While generally the authoritative style is the best approach to parenting, there are four things that all parents can do to bring out the best in their teens and tweens:

  1. Be consistent in your parenting style. Hopefully I’ve convinced you that the authoritative style is the way to go, but don’t sweat it if every now and then you revert to another way. We all like to feel loved, so most parents will be permissive from time to time, and that’s not a bad thing. If you’ve got a teen who’s ignoring all the boundaries you’ve set in place and acting impulsively, you’re probably going to have to pull them into line and be a bit more authoritarian. And we all go through seasons in life where we get distracted and might be uninvolved. Just aim to do your best more often than not.
  2. Focus on the individual. Every young person has different needs and a different approach to life, that will require a unique parenting approach. I know some kids like to push every boundary hard, test every rule and question every decision of their parents. Other kids are far more easy going and prosper with clear expectations. Adjust your parenting style to meet the needs of each of your children individually, aiming to be firm in how you control their behaviour but as caring as you can be too.
  3. If you’re a long way from being authoritative, take one step each day to be more caring and set reasonable boundaries. Authoritative parenting isn’t about having rules just to show your kids who’s boss. It’s about setting boundaries that enable young people to learn to be independent and make their own decisions. In my article on media limits I talked about the parenting funnel, and this is a really useful tool for being an authoritative parent; gradually easing the boundaries as your teens and tweens show they can make the right decisions when needed and show respect.
  4. Make negotiation and discussion part of your life with teens. If you want to help them work out how to navigate the adult world themselves, then snap up every opportunity you have to discuss what would be reasonable with them and negotiate resolutions that you can both be happy with. Teens have far more respect for boundaries they’ve contributed to and by justifying your expectations or opinions, you model the decision making process to them over and over again.
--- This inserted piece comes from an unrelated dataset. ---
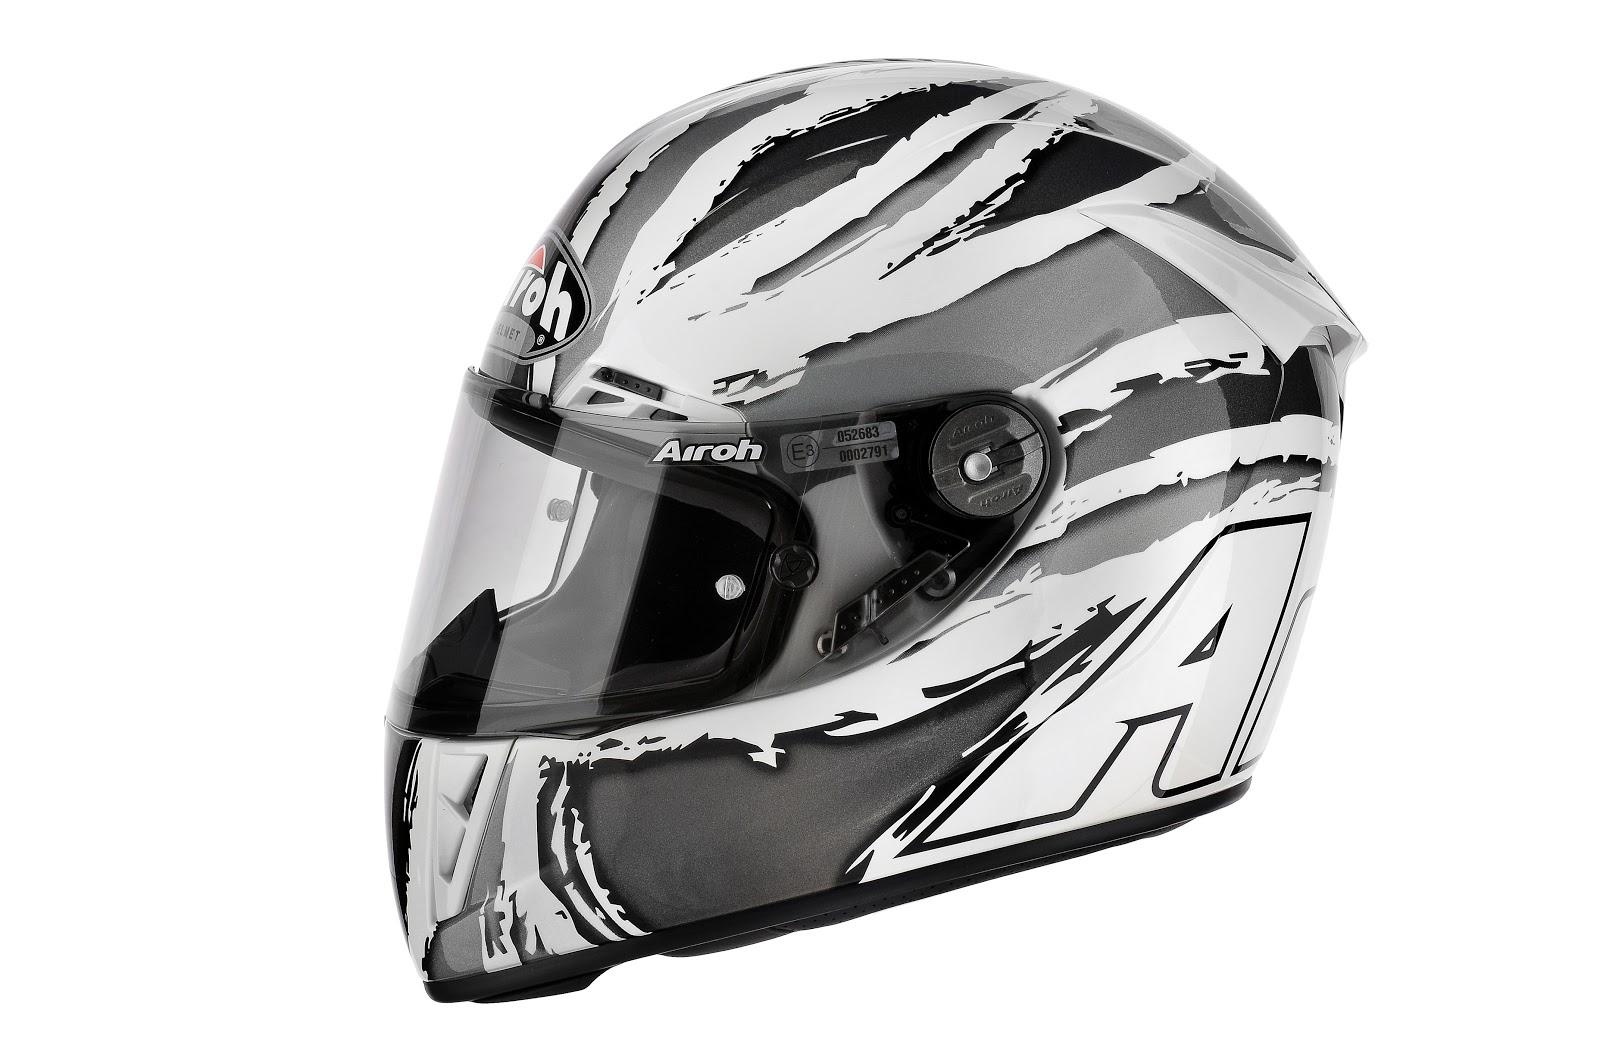 Casque Airoh Helmet Bargy Design Passion Moto Et Voyage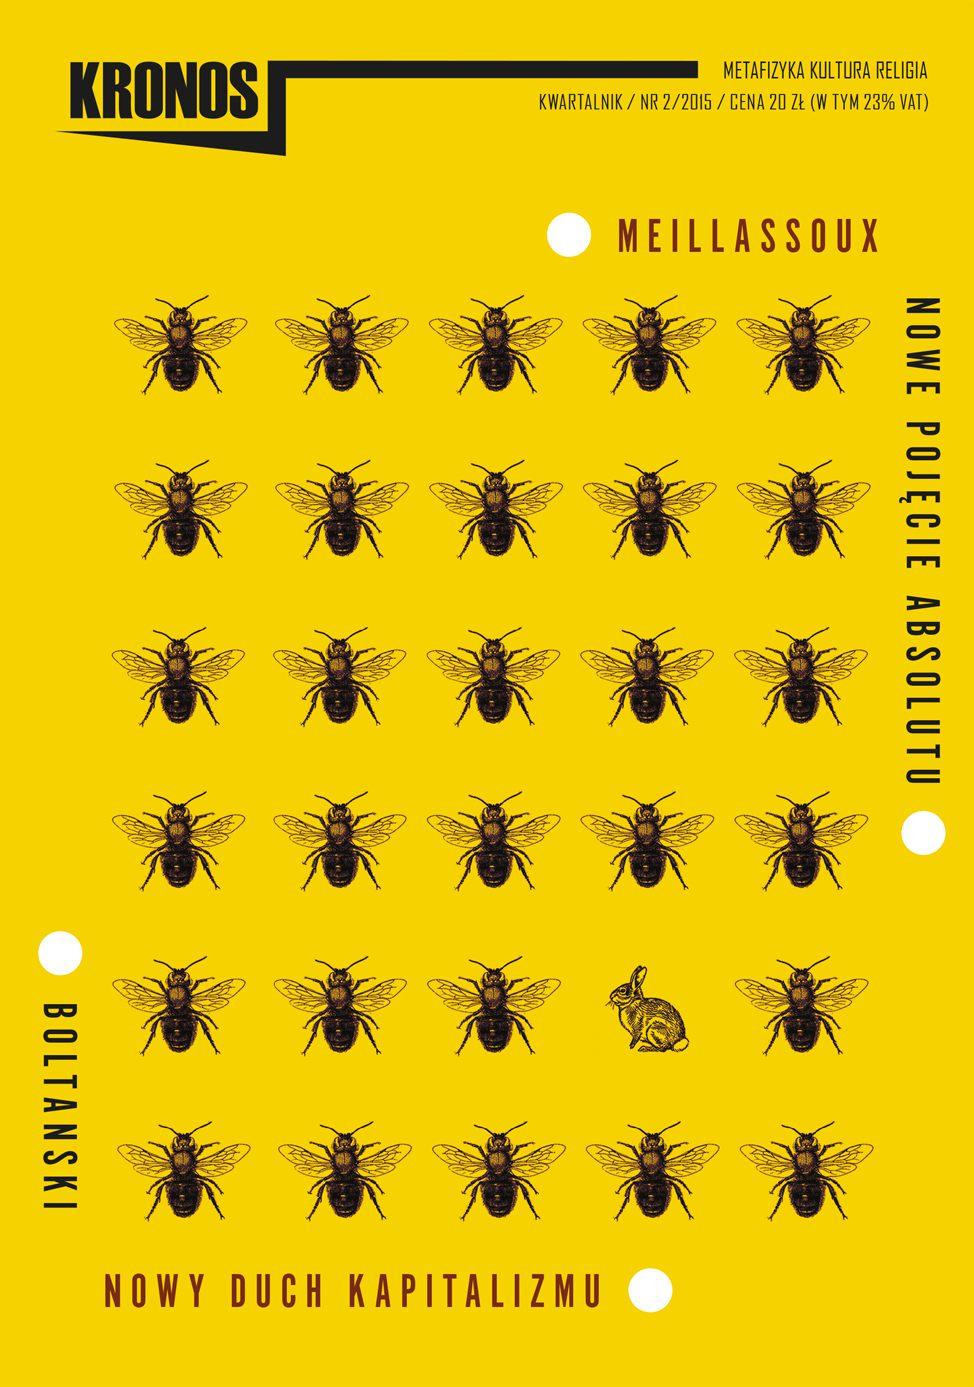 Kronos 2/2015. Boltanski, Meillassoux - Ebook (Książka EPUB) do pobrania w formacie EPUB

If you’re already doing these things, they good on you, you’re a champion parent! But in this hectic life you can often slip into patterns of behaviour that don’t bring out the best in your teens, particularly if they’ve been difficult to manage in the past. Don’t change things overnight, but set your sights on an end game when they are 18 or finishing school and slowly work your way towards that. Remember consistency, individual focus, small steps and being open to negotiation and discussion will go a long way to getting an outcome you can live with.

Some resources I used for this article that I can’t provide links for are:

  • Research by Donna Hoskins on the “Consequences of Parenting on Adolescent Outcomes”, published in Societies, 2014, volume 4.
  • “Parenting styles and eating disorders”, by IJ Lobera, PB Rios and OG Casals, which was published in the Journal of Psychiatric and Mental Health Nursing, volume 18 in 2011.
  • Kyung Rhee, Julie Lumeng, Danielle Appugliese, Niko Kaciroti and Robert Bradley’s article, “Parenting Styles and Overweight Status in First Grade”, which was published in 2006, in Pediatrics, volume 117 (6).
  • “Trajectories of Delinquency and Parenting Styles”, by Machteld Hoeve, Arjan Blokland, Judith Semon Dumas, Jan Gerris and Peter van der Laan, published in the Journal of Abnormal Child Psychology, volume 36 (2) in 2008.

What do you think about parenting styles for teenagers? Is your go-to style working for you, or is it time for a tweak? I’d love to hear your thoughts.